AS International Zero Waste Month begins, an environmental group has called on various groups, including the government and private companies to shift to zero waste management to combat climate challenges.
In a statement Monday, advocates for environmental justice Global Alliance for Incinerator Alternatives (GAIA) Asia Pacific said experts had noticed an improvement in the world’s air quality in April 2020.
Citing the effects of lockdowns imposed by national governments worldwide, GAIA reported that daily global carbon emissions plummeted by 17 percent starting in April 2020 compared to the same month in 2019.
However, the environmental group said despite seeing a “slight improvement,” this effect is “temporary.”
“Temporary, because fossil fuel industries, including big plastic producers, have not really moved nor changed ways,” said GAIA.
“As a derivative of the fossil fuel industry, plastic has a large carbon footprint throughout its lifecycle.”

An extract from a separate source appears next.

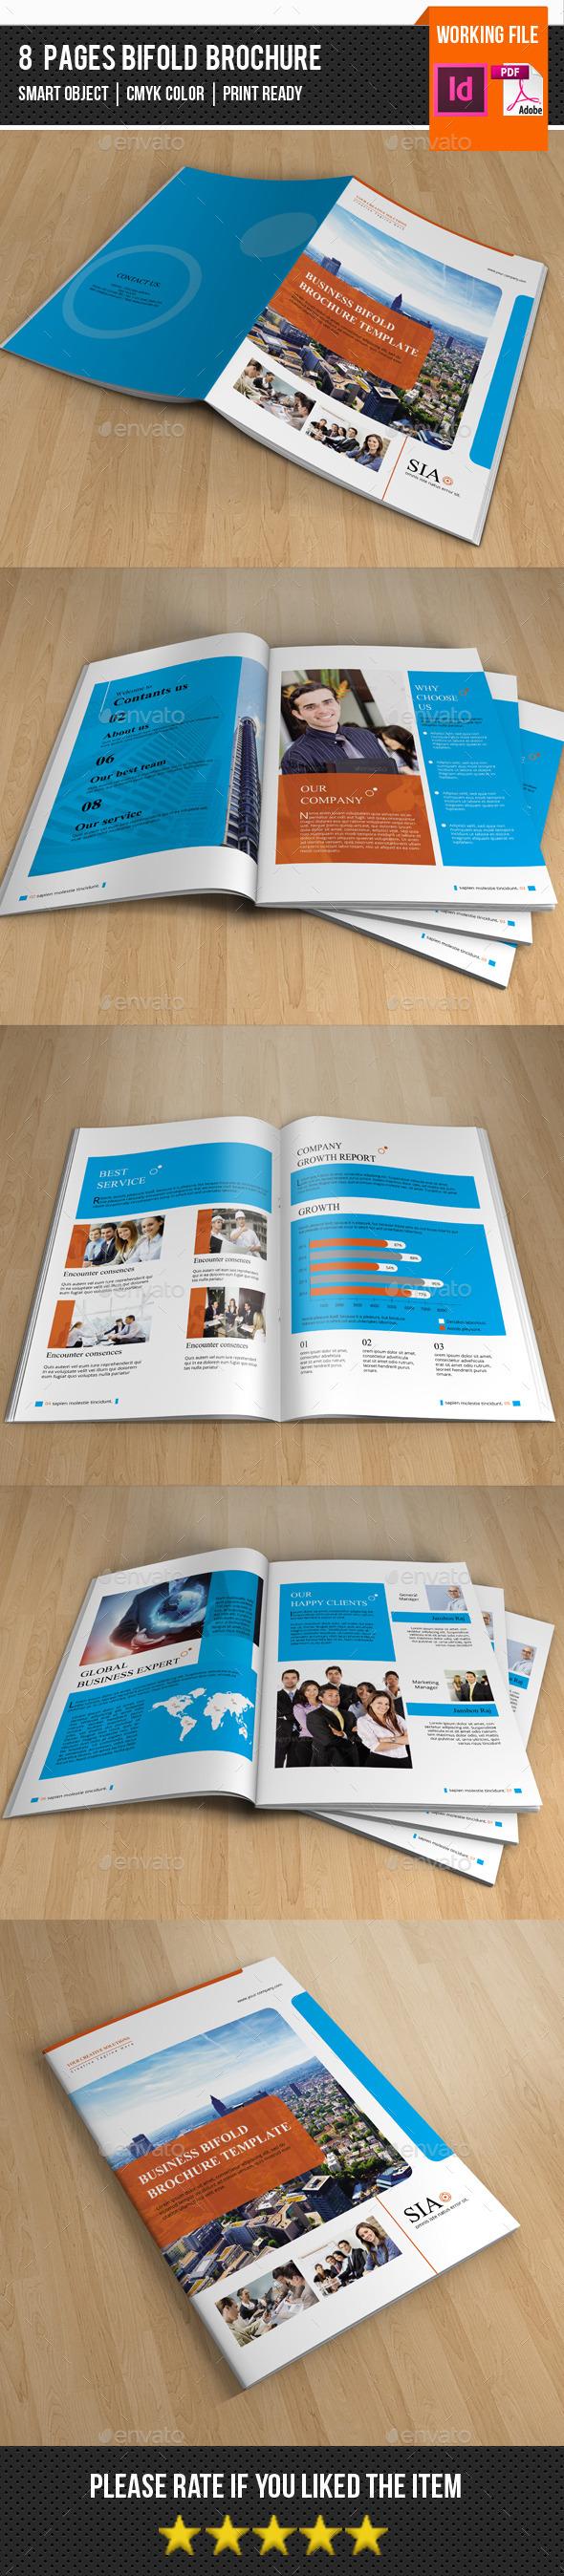 Corporate Bifold Brochure-V285 - Corporate Brochures

According to the group, these firms are taking advantage of the trash and plastic pollution crisis by pushing for band-aid solutions. As a result, “governments influenced by these corporations are swaying in the wrong direction,” it said.
For this year’s International Zero Waste Month, with the theme “Zero Waste for Zero Emission,” GAIA noted that zero waste creates opportunities to address more significant climate concerns through science-based and proven waste management solutions.
The group will also organize a series of events discussing zero waste as a primary tool to achieve zero emissions and how waste-to-energy incineration is a “false solution” to climate challenges.
In a separate report from Nature Briefing, scientists revealed during the United Nations Climate Change Conference of the Parties in Sharm El-Sheikh, Egypt, that global carbon dioxide emissions from fossil fuels were expected to have increased by 1 percent in 2022, tallying a new record of 37.5 billion tonnes of emissions.
The country with the fastest-growing emissions is India, where increased coal and oil use are responsible for an estimated 6 percent increase from 2021 levels, it said.
If the current pattern holds in just nine years, according to scientists, humans may release enough CO2 into the atmosphere to raise Earth’s temperature by 1.5°C above pre-industrial levels.
Zero Waste Month began in the Philippines in 2012 but was made an official month-long celebration in 2014 after President Benigno Aquino III enacted Proclamation No. 760, setting January yearly as Zero Waste Month.
According to the proclamation, zero waste is a cause that advocates for the design and management of products and processes to systematically prevent and eliminate the amount and toxicity of waste and materials, as well as to conserve and recover all resources rather than discarding or burning them without consideration.